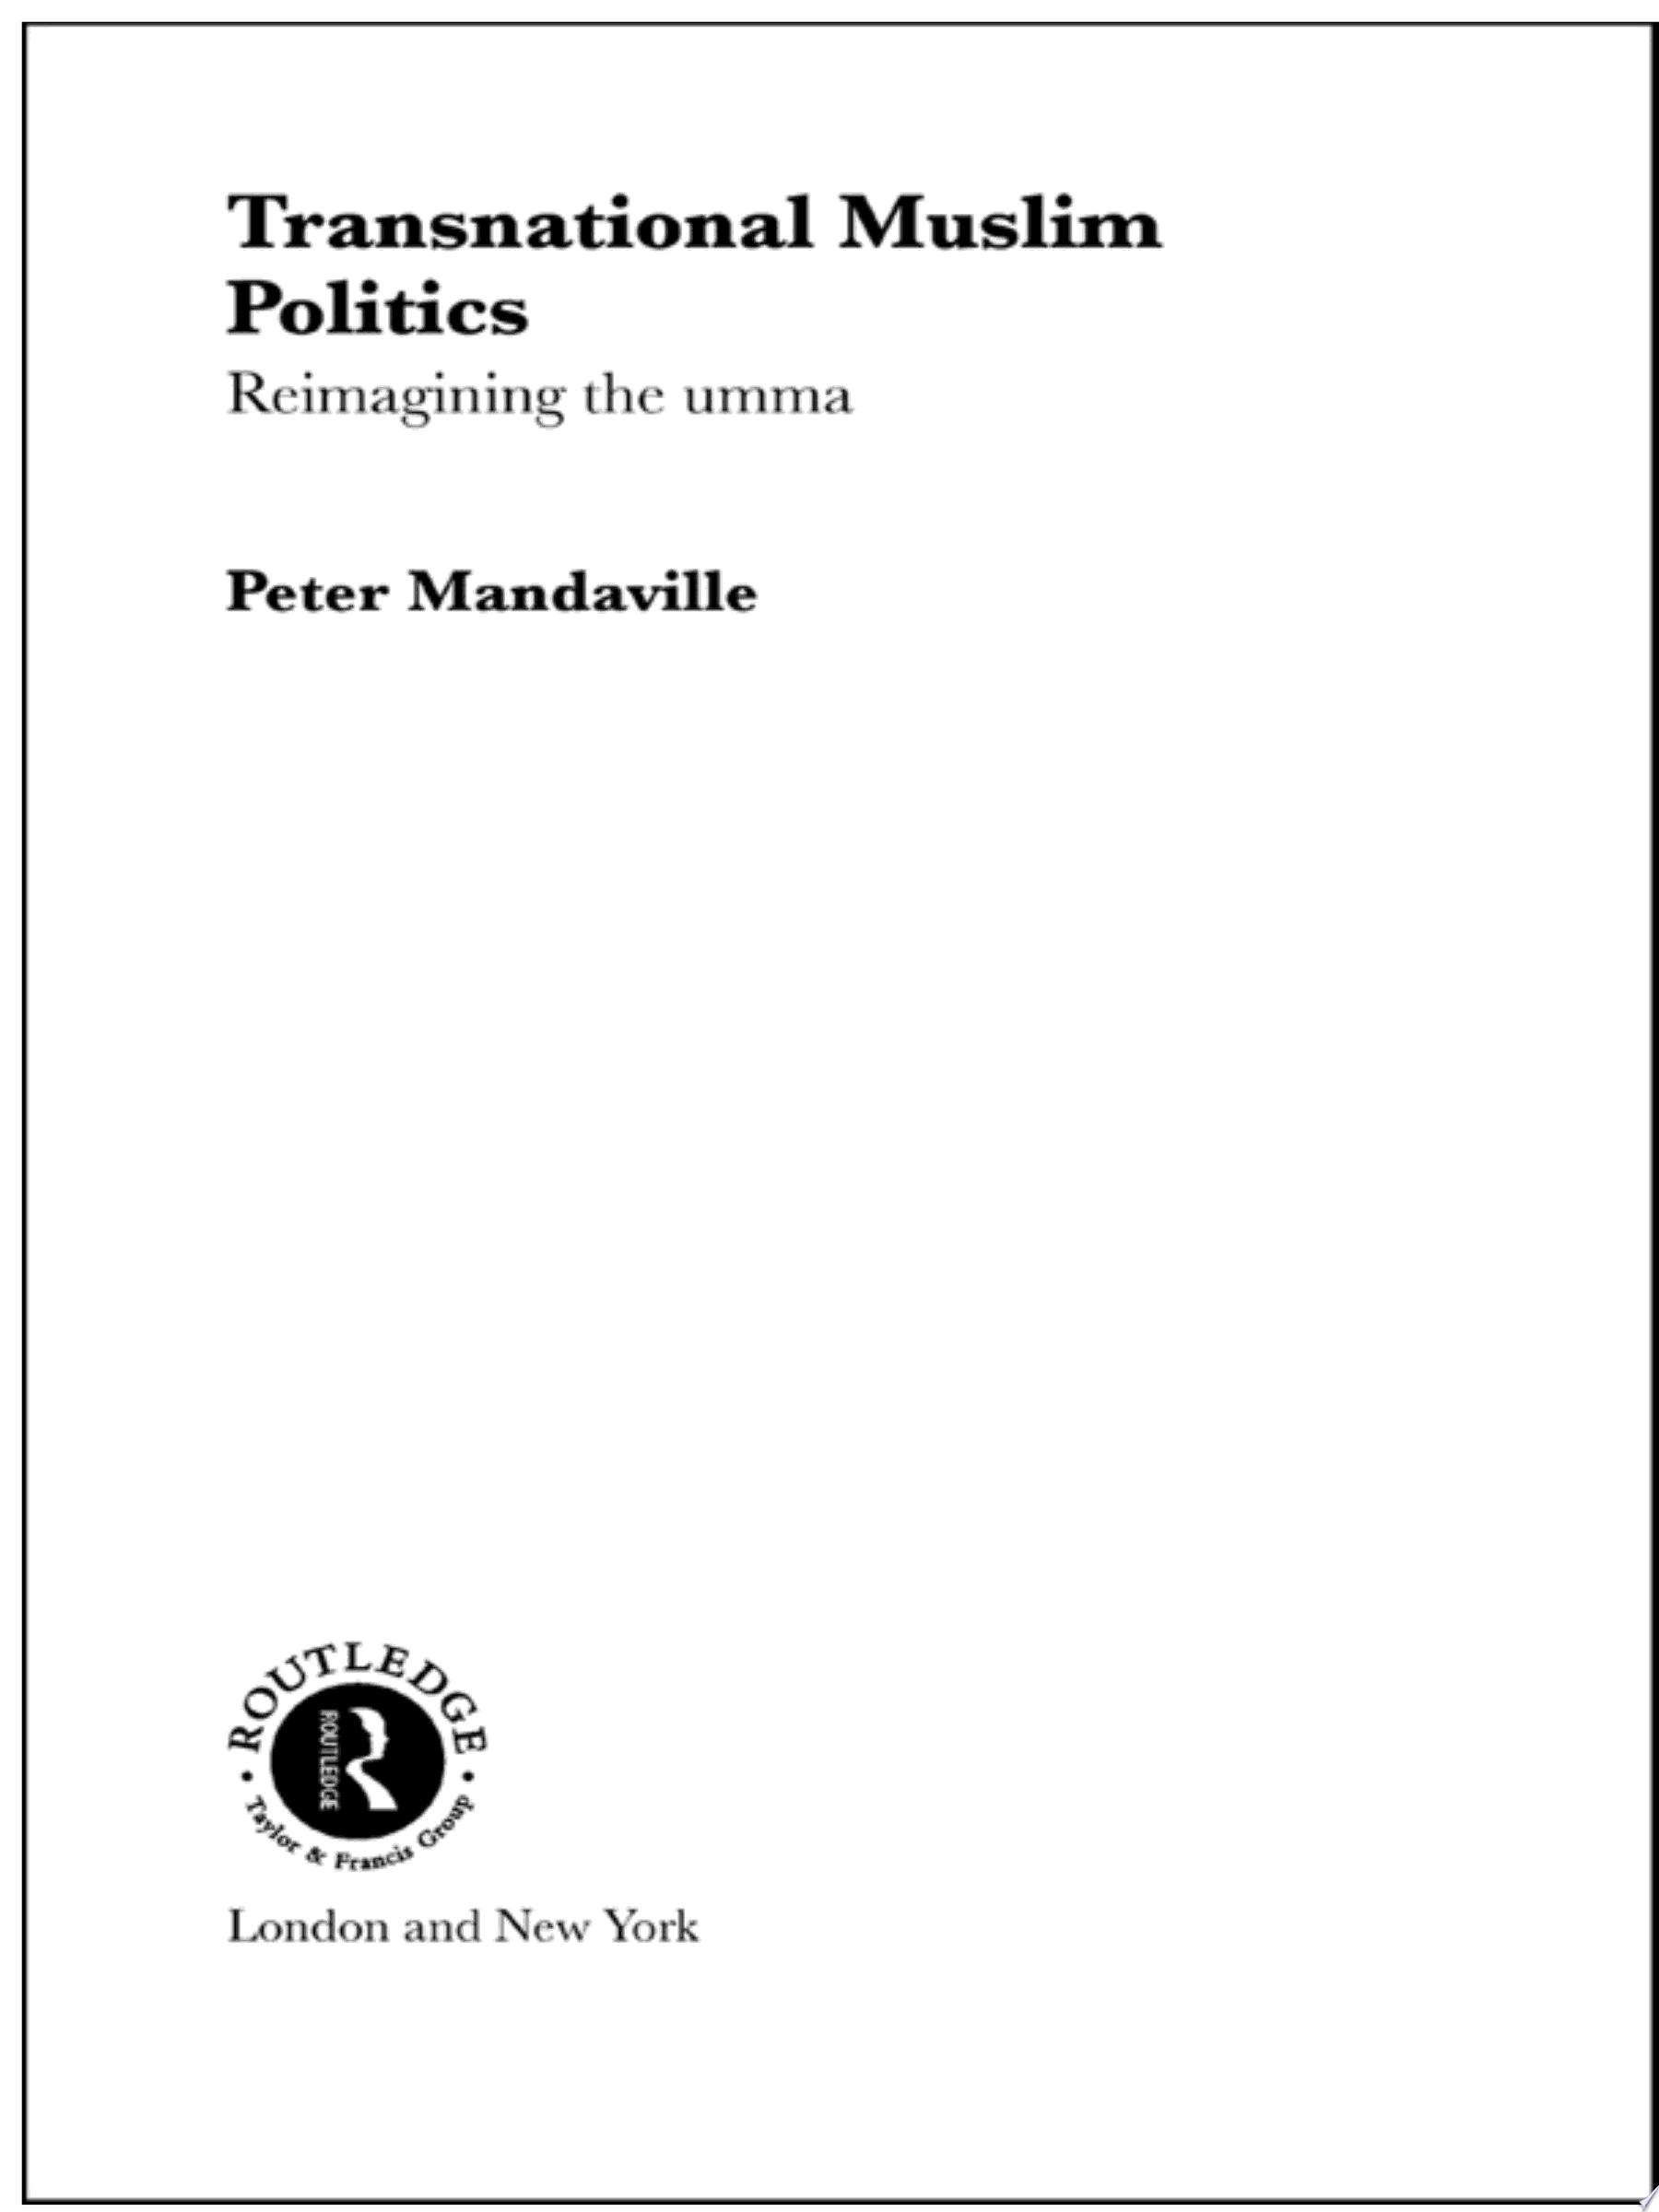 Transnational Muslim Politics
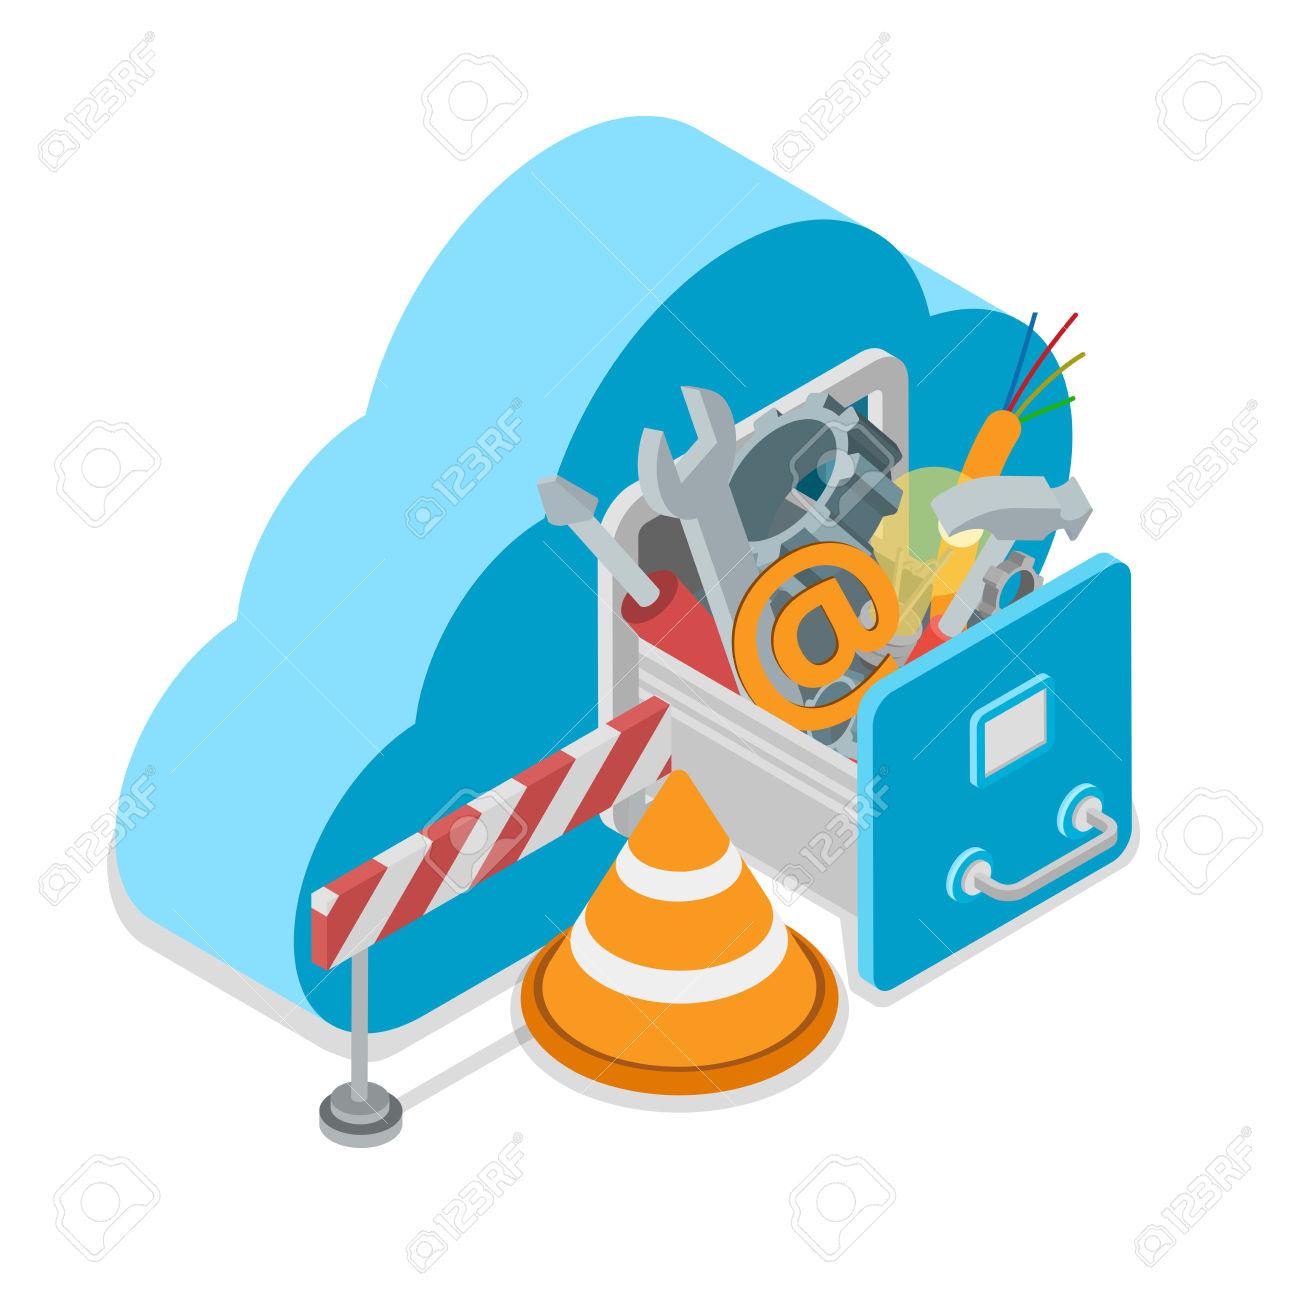 Cloud Service Under Construction. Cloud Shape Drawer Wrench.
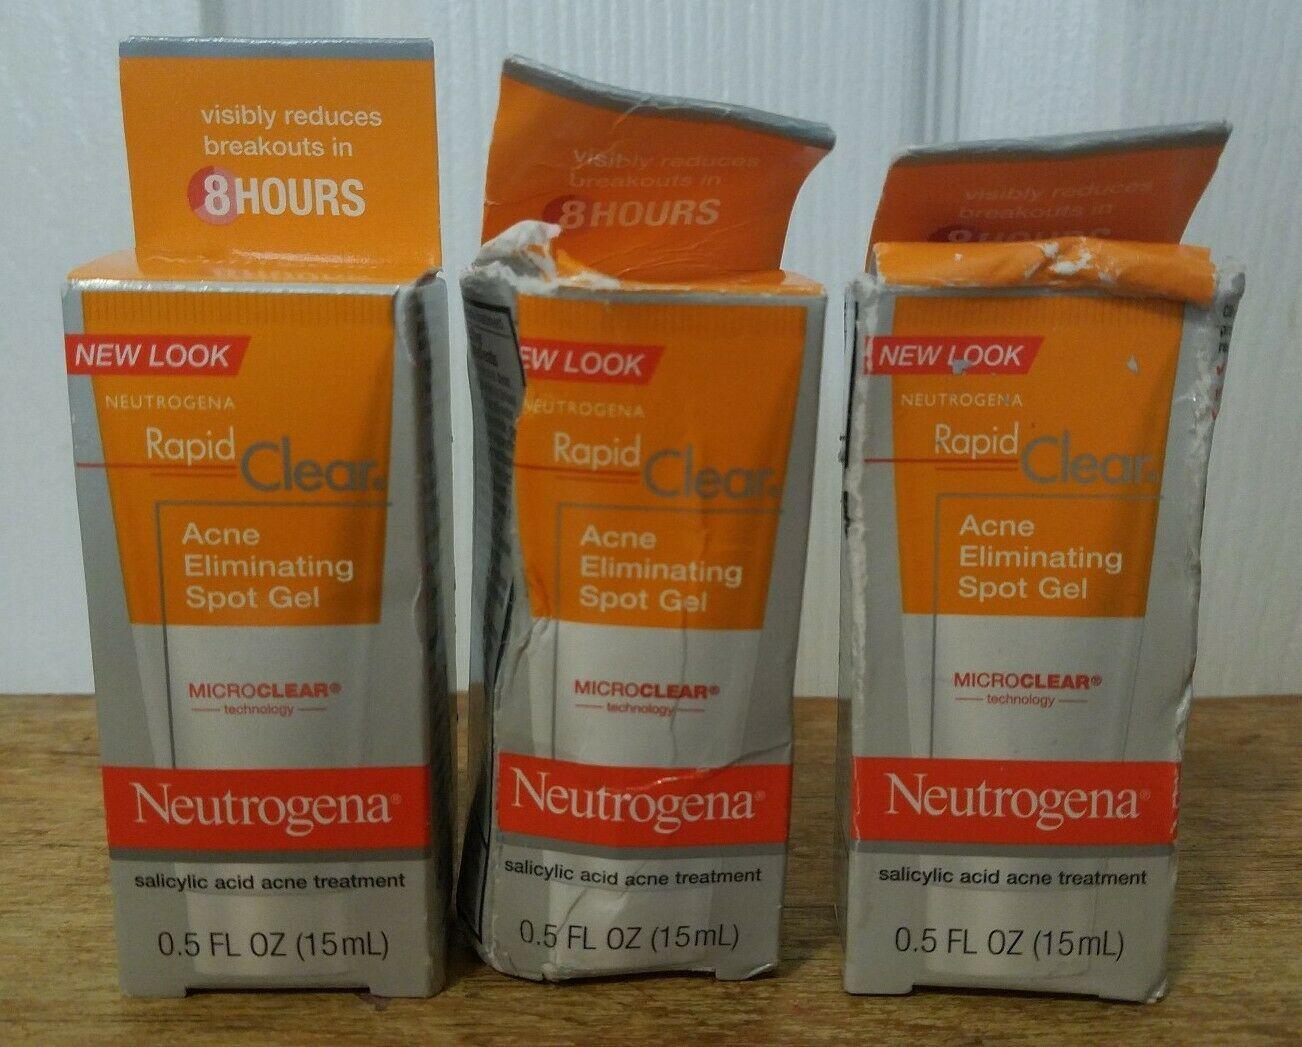 X3 Neutrogena Rapid Clear Acne Eliminating Spot Gel 0 5oz Exp

■ **Task instructions**
Leave out all pictures and extract exactly the lines from the line with "Cloud Service Under" through the end of the material.

■ **Result of this task**
 Cloud Service Under Construction. Cloud Shape Drawer Wrench.
 X3 Neutrogena Rapid Clear Acne Eliminating Spot Gel 0 5oz Exp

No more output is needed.